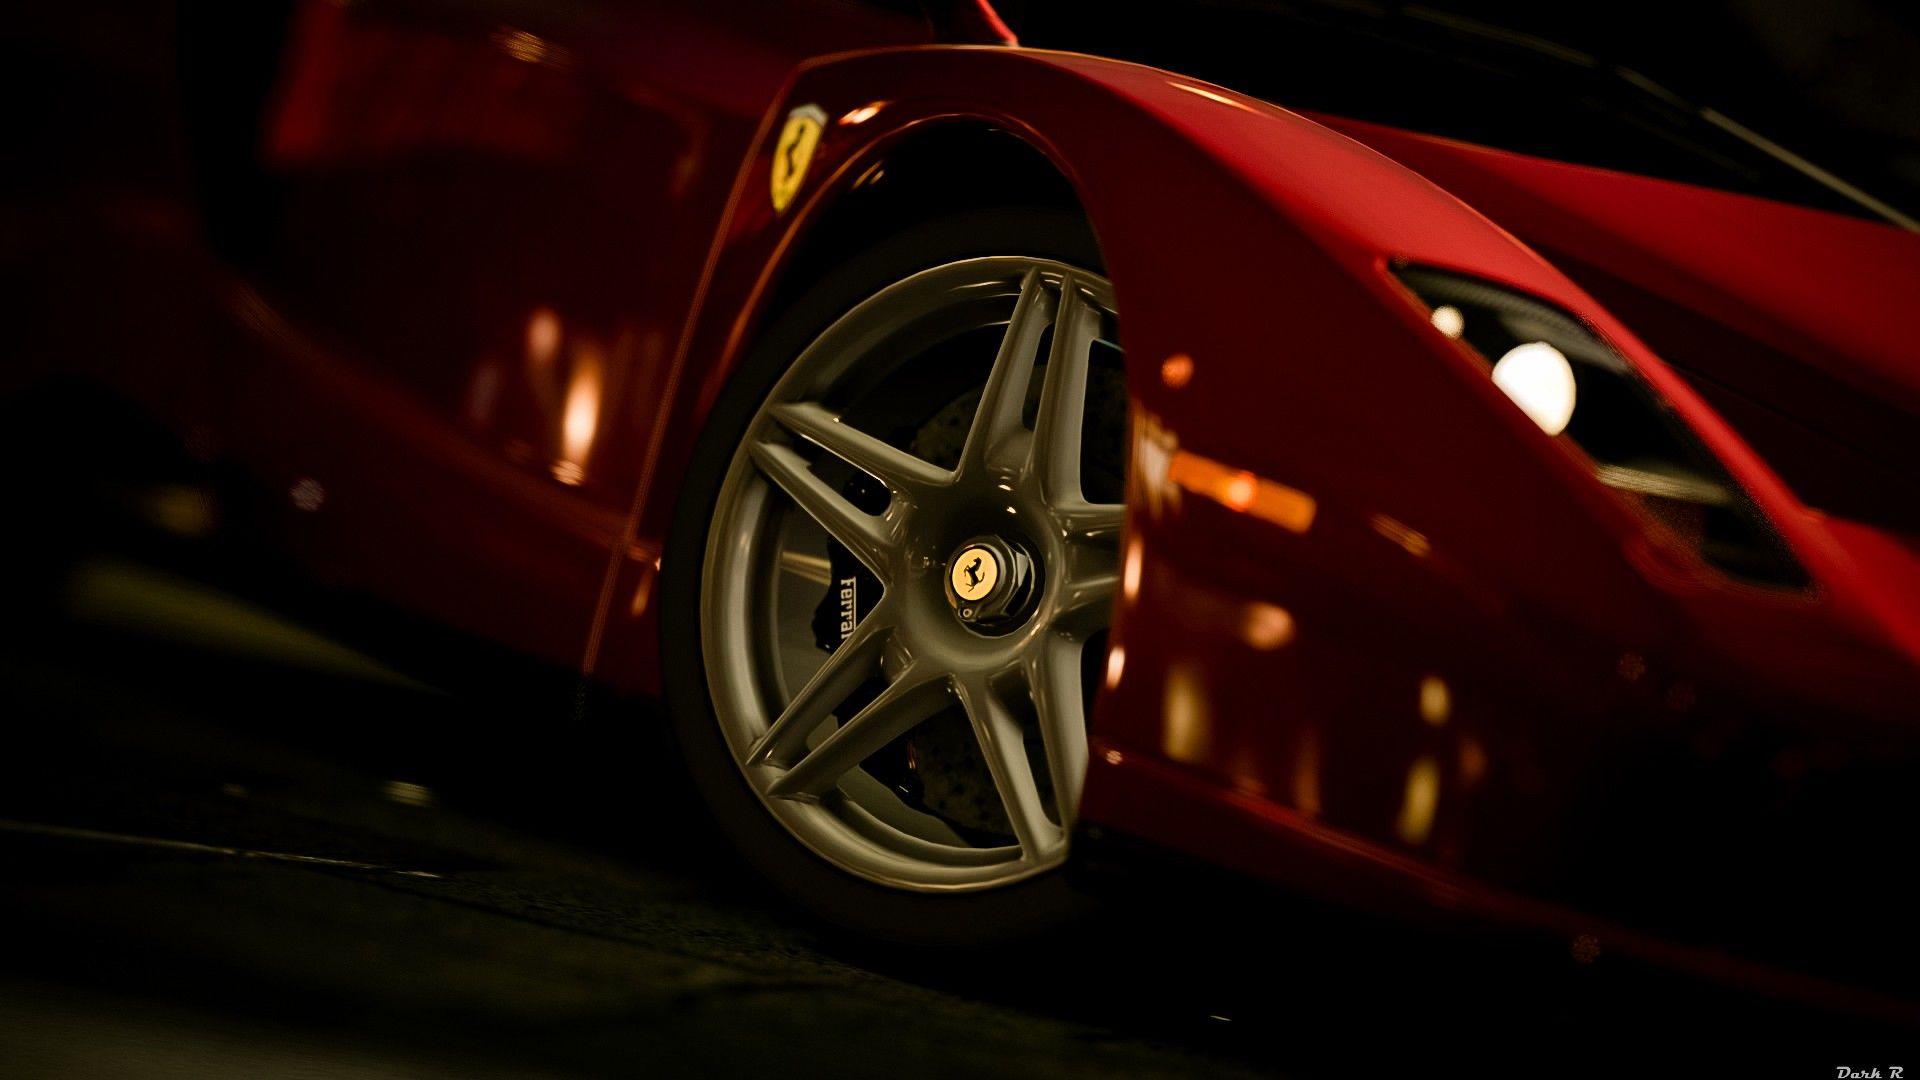 Ferrari Wheels 1080p Hd Wallpaper Car Ferrari Ferrari Car Car Wallpapers
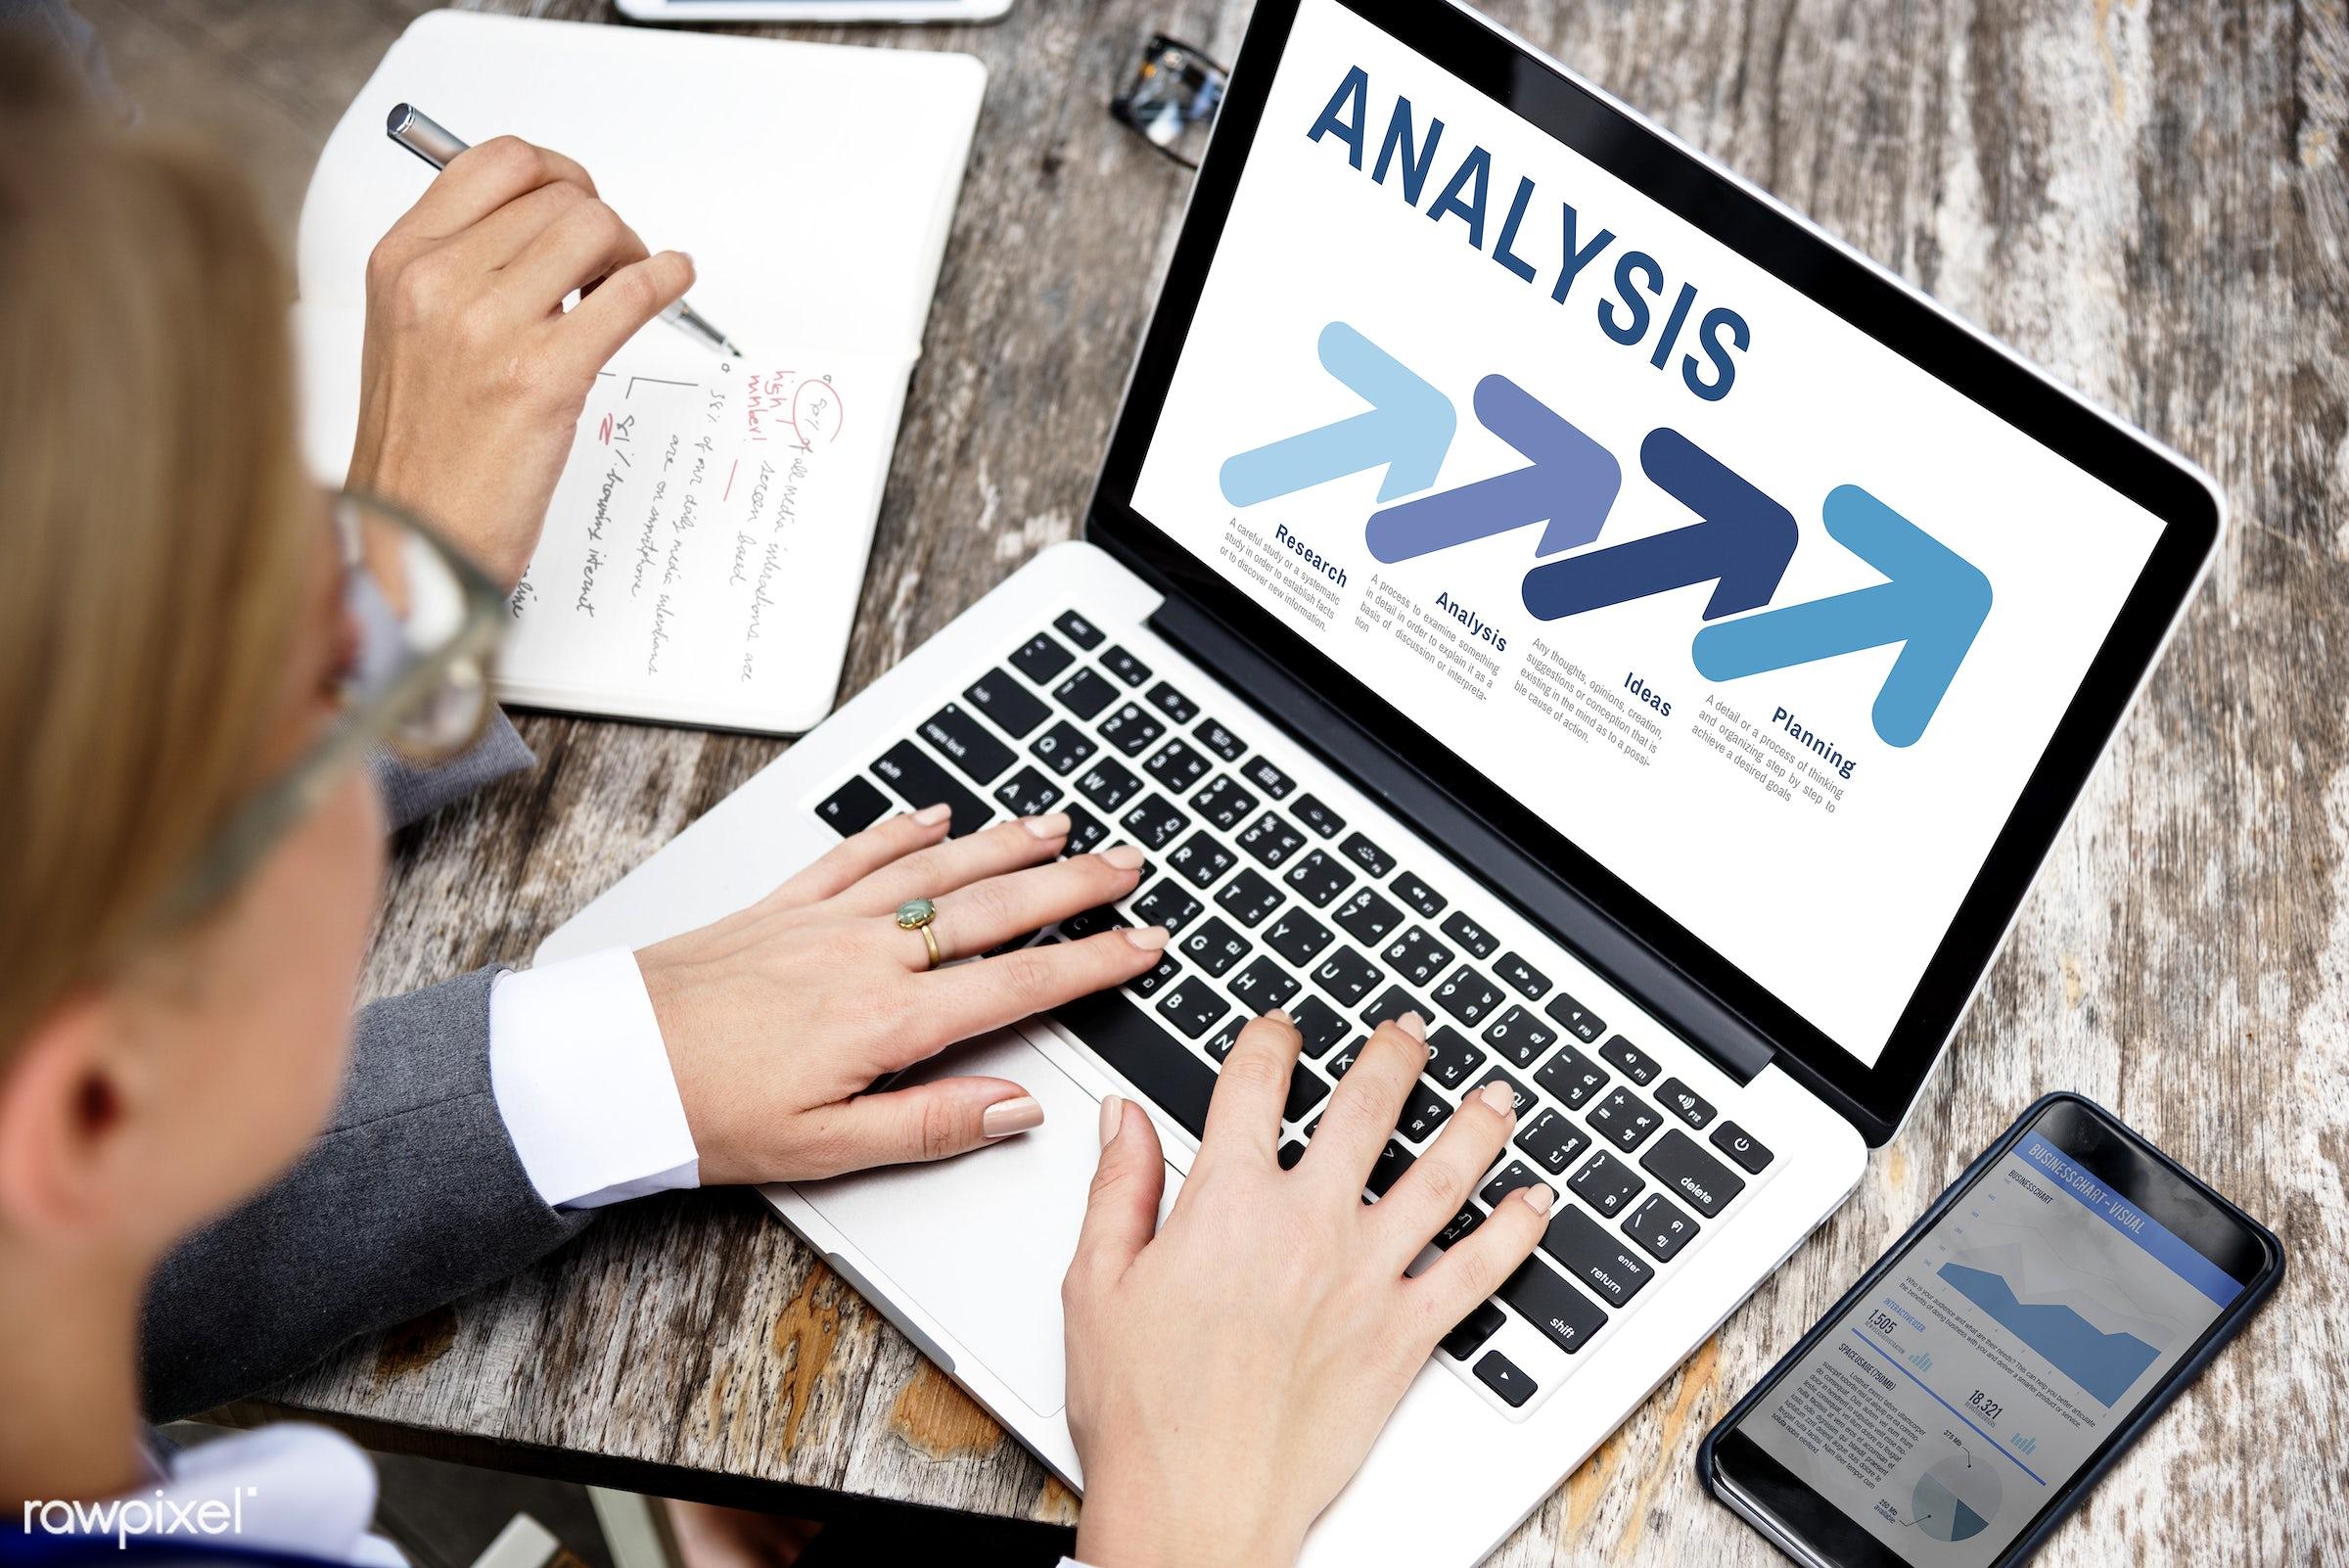 businessperson, aim, analysing, analysis, arrow up, branding, business, businesspeople, businesswoman, businesswomen,...
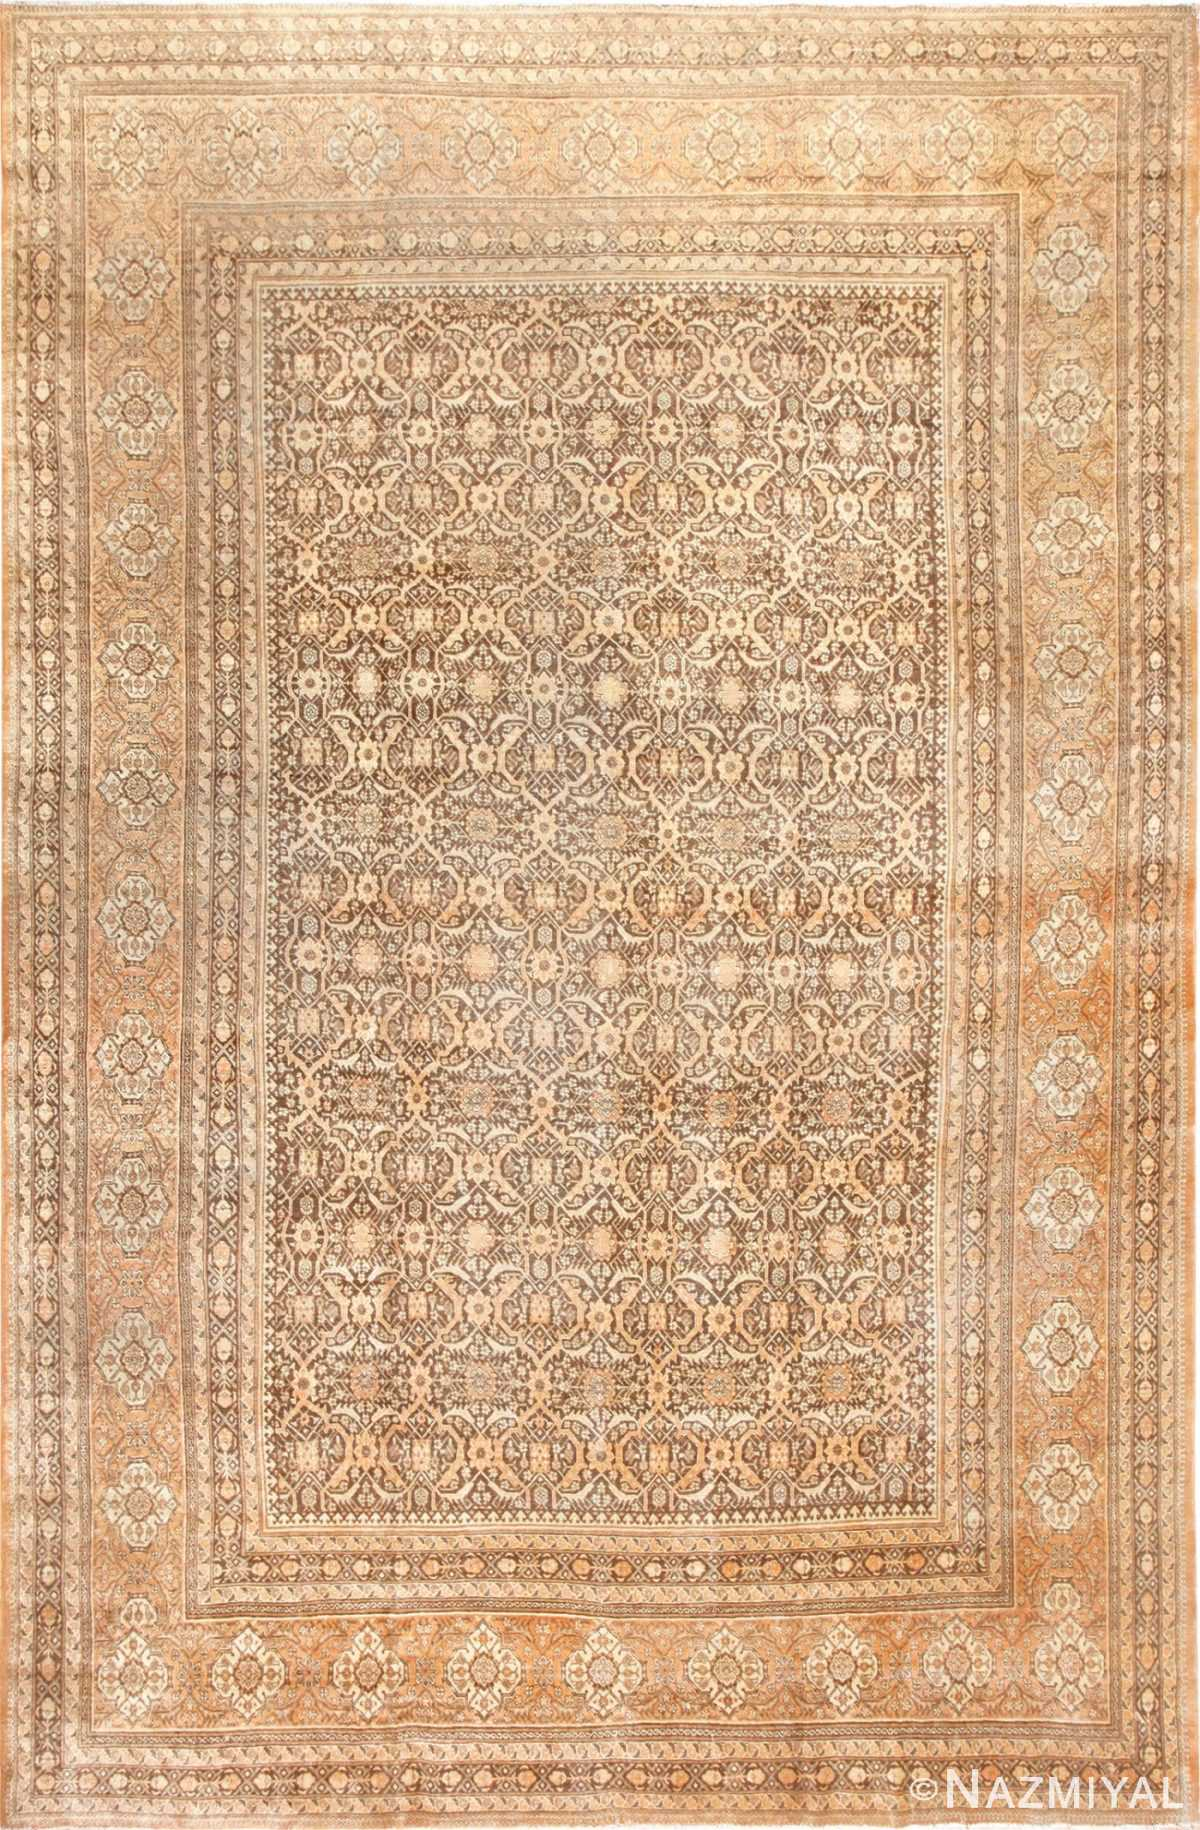 Fine and Decorative Antique Persian Tabriz Rug 50625 Nazmiyal

▸ **Your goal**
The whole of the data needs to be copied word for word, though not its pictures.

▸ **Exercise solution**
 Ferrari Wheels 1080p Hd Wallpaper Car Ferrari Ferrari Car Car Wallpapers
 businessperson, aim, analysing, analysis, arrow up, branding, business, businesspeople, businesswoman, businesswomen,...
 Fine and Decorative Antique Persian Tabriz Rug 50625 Nazmiyal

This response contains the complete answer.